Still, I can safely attribute  most of my success to George, Eric and the Rushfit program they created. While people may spend thousands on a fancy gym to get similar results, I spent less than $100 total, aside from my time and commitment to stick with the Rushfit plan.






Monday, March 28, 2016

Getting fit at 40 years old

I've decided to start this blog and share my experience of getting physically fit at the age of forty. So I guess I'll start by sharing a bit about my background and past.
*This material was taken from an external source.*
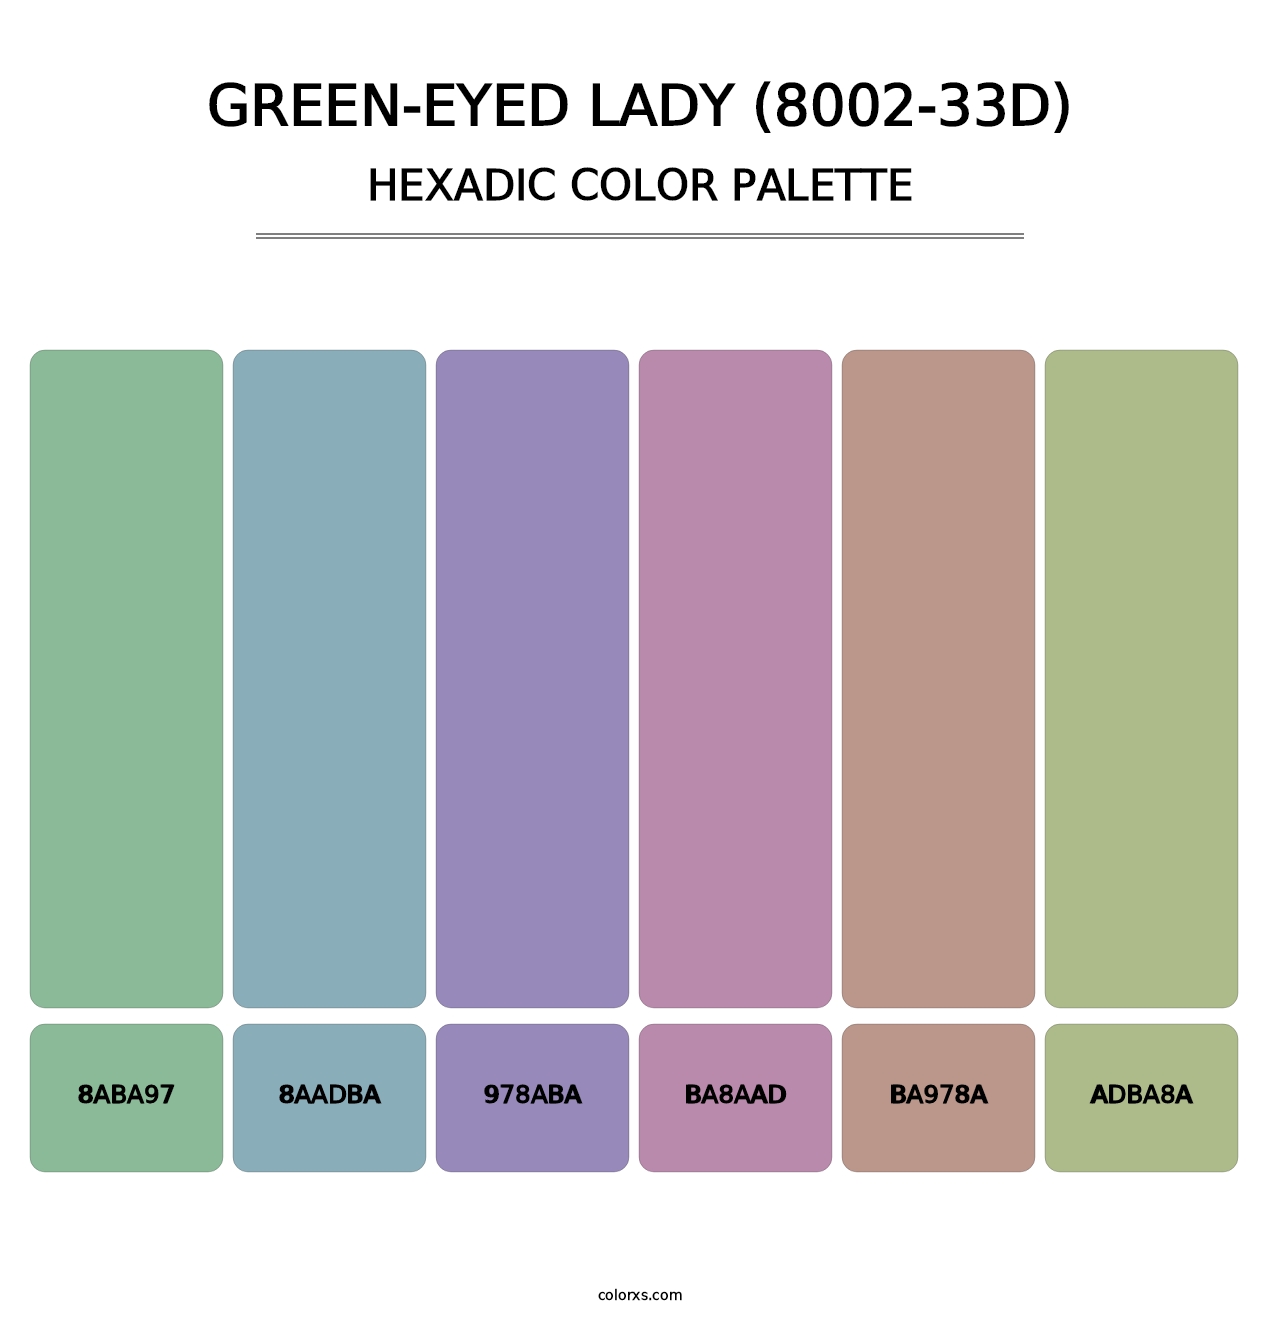 Green-Eyed Lady (8002-33D) - Hexadic Color Palette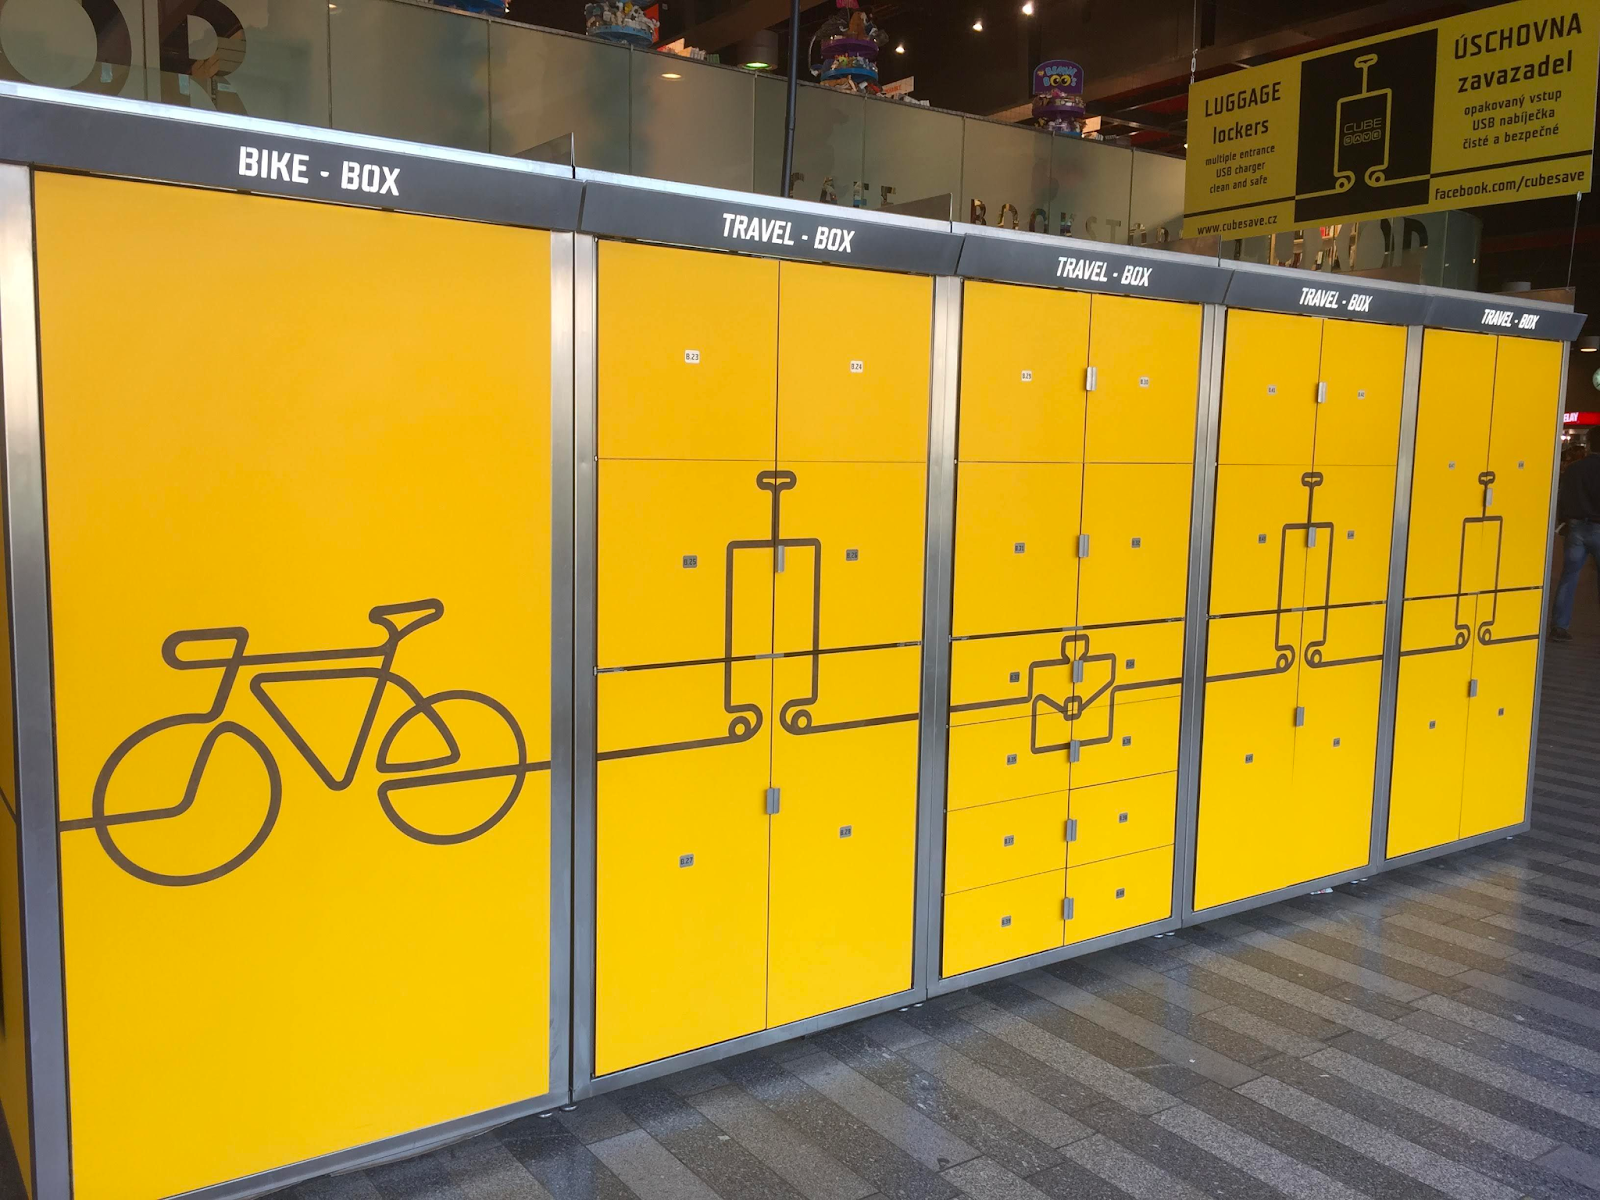 Station and airport lockers

I've always enjoyed being physically active and spending time outdoors, ever since I was a child. I stayed active until my late teens, at which time a few circumstances in my life led my being less active, less fit, and less healthy.

I started smoking at the age of 17, and within a couple years I was smoking between 1 to 2 packs of cigarettes a day. I always enjoyed good food and lots of beer, and as I went through computer school, my lifestyle was extremely sedentary. These combined factors led to rapid weight gain. By the age of 21, I weighed nearly 200 lbs, morbidly obese for someone that measures just 5'6. 

After having lost the weight with a crash diet in my late twenties, I quit smoking and took up exercise. Though I put on a fair bit of muscle, I wasn't really watching my calorie intake, so I eventually put on some weight over the next decade. In my late thirties, I ran into a repetitive stress wrist injury that put an end to my ability to lift weights for a couple years, and again, my weight ballooned to nearly 200 lbs, and my waist being 38 inches around. Not a pretty sight to say the least.

 

At the age of 40, upon advice from my doctor, I decided to finally stop sitting around and making excuses for myself. Sitting on a chair in front of a screen all day isn't conducive to weight loss, but I'm blessed enough to have a very flexible schedule. As such, I committed myself to getting my weight back where it should be, in a healthy manner. 

After doing some research as to what sort of exercise routine I would incorporate into my lifestyle, I decided on home based circuit training. This would give me the leisure of being able to workout at home or at my office, without having to pay expensive gym fees, stand in line to share sweaty machines with hundreds of other people, and be tied down to going there in general.

After doing some comparison shopping, I decided to try the George St. Pierre's Rushfit program. Aside from being well priced at under $100 for 6 DVD's, I am an avid MMA fans. With George being the UFC champion, and local hometown favorite, I was sold on his brand for my planned weight management and fitness training.

Though I rarely use those DVD's any more, they were the key that put me on proper nutrition, safe and healthy training, and general mind frame of being committed enough to stick with my new lifestyle. 

My goal isn't to become a shredded bodybuilder or gym rat. The training and nutrition plan I follow was designed by myself, to help me feel fit, strong, and comfortable with my body.